IBTimes UK could not verify these claims, but Nkundwa alleged it was not only opposition members and civil society activists that had been arrested in their homes in the capital and outside in the countryside, but also army staff and their family members.
"It is impossible for anyone to know what is happening for sure outside of the capital because no one can go there to verify as it is too dangerous and because most of the people who would investigate these allegations are now hiding," Nkundwa said over the phone.
While human rights activists, such as the Association for the Protection of Human Rights and Detainees' Rights (Aprodh), and civil society representatives would typically investigate incidents involving arrests, those people are now in hiding, and the police force is not as transparent as it had been previously.
"Now everything is done clandestinely," Nkundwa added. "What is most alarming now is that you can be arrested and tortured and we don't exactly know where these people go."
The activist questions estimates that around 500 people have been and are currently detained, claiming that many arrests go unreported.
"But I believe it is more than that. If it was someone who didn't have family members in that province, then no one would know he went missing. That's what happens in a world where there is no means of communication, and no radios. People have no information."
"What is most alarming now is that you can be arrested now and tortured and we don't exactly know where these people go."
- Jean-Claude Nkundwa
Nkundwa linked overnight arrests to elements of "the systematic arrests of 1972, when the population only heard about killings months after people had been arrested".

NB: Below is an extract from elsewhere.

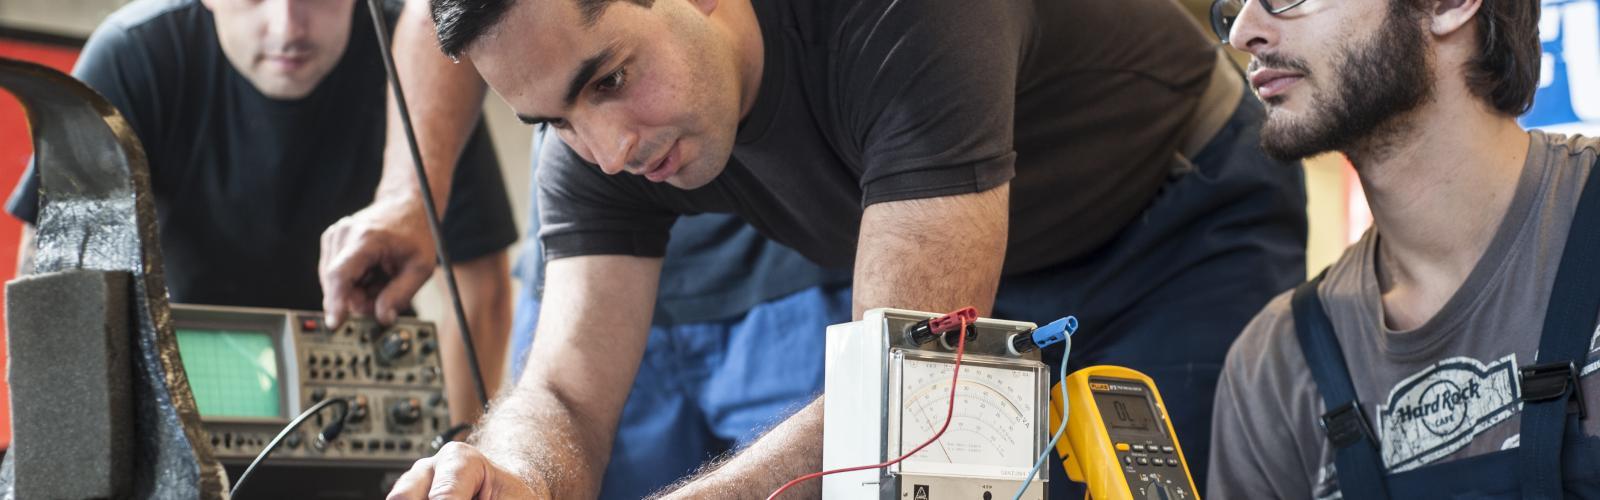 werknemer test spanning op een machine en andere collega's kijken geboeid toe

That year, Burundi experienced massive bloodletting, when hundreds of thousands of Hutus were massacred by government forces. Despite the situation being brought under control, the killings lasted for months.

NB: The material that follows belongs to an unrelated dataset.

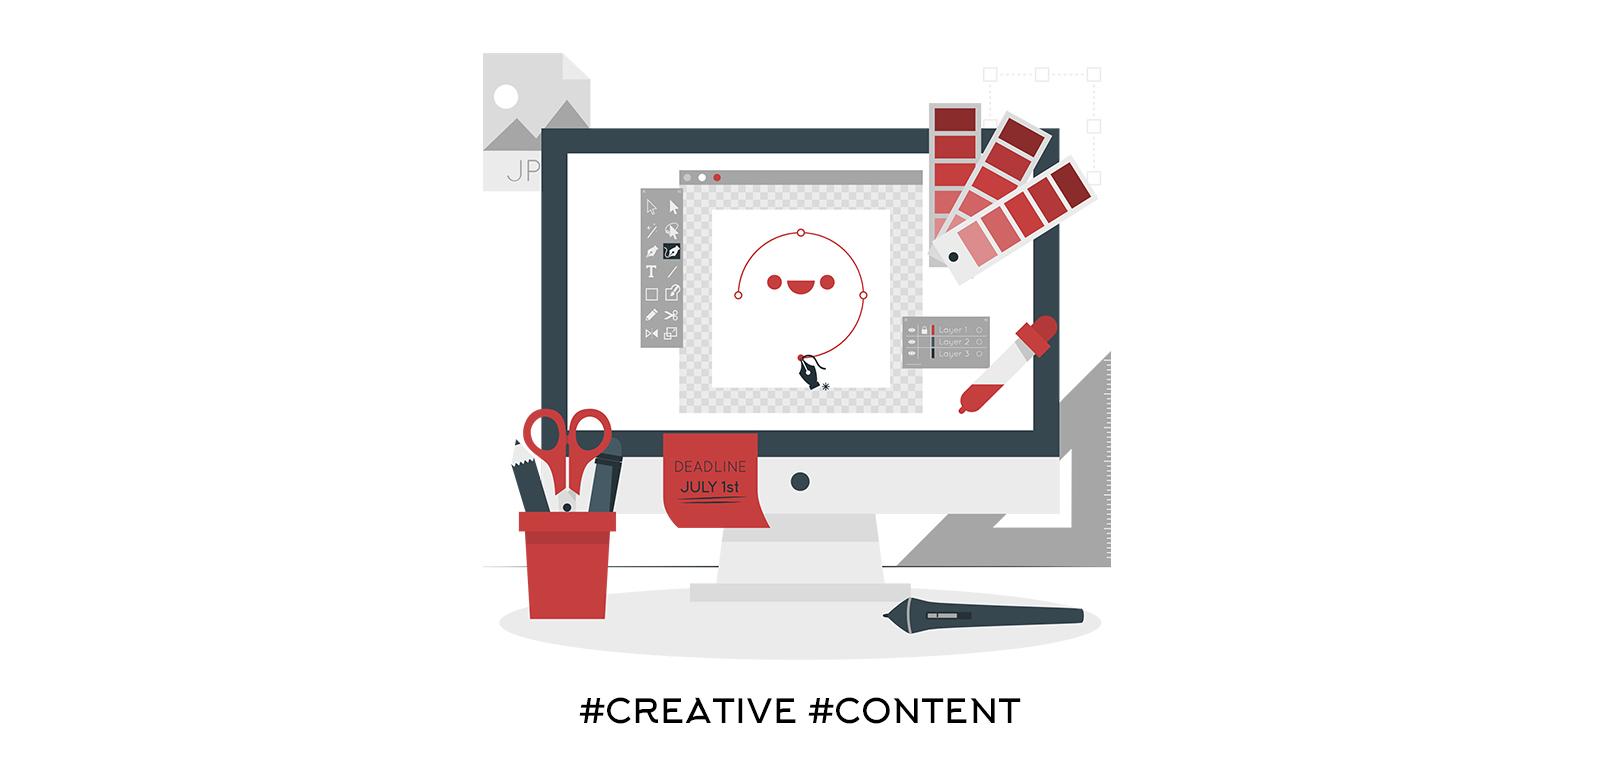 Създаване на творческо съдържание

"There seems to be a common narrative and I am scared that we are living the same thing because there is no one to oversee what is happening. There are only rumours," Nkundwa said.
'If you are caught, you are a dead man'
That is something Aimable (not his real name), a student activist from the district of Nyakabiga in Bujumbura, can relate to. The vice-president of the MSD party at his university says he has had enough of the intimidation and hopes to leave the country.
Since the protests resumed this week, he has been planning his escape because, he claims, members of the government's secret services have been patrolling his neighbourhood.
"We participate in every protest, so our fear is that we will be arrested. If they catch me, I don't know what would happen to me. I could be killed and thrown in the river," Aimable told IBTimes UK from Bujumbura.
"If they catch me, I don't know what would happen to me. I could be killed and thrown in the river."
- Aimable, a protester
"If your family does not know that you have been arrested, you are taken and no one will know where you are. You disappear. You are a dead man."
A member of his own party, Pacifique Nkurunziza, was "kidnapped" on the night of Friday (29 May). The student and organiser of the protests, who is in his twenties, was taken to one of Bujumbura's central prisons.
"He was considered to be a resistant, who organised the activities, and calling on people to stay and not flee. He was one of the front-men," Aimable said, adding that his peer had suffered a "very violent interrogation".
"I am scared that someone will denounce me."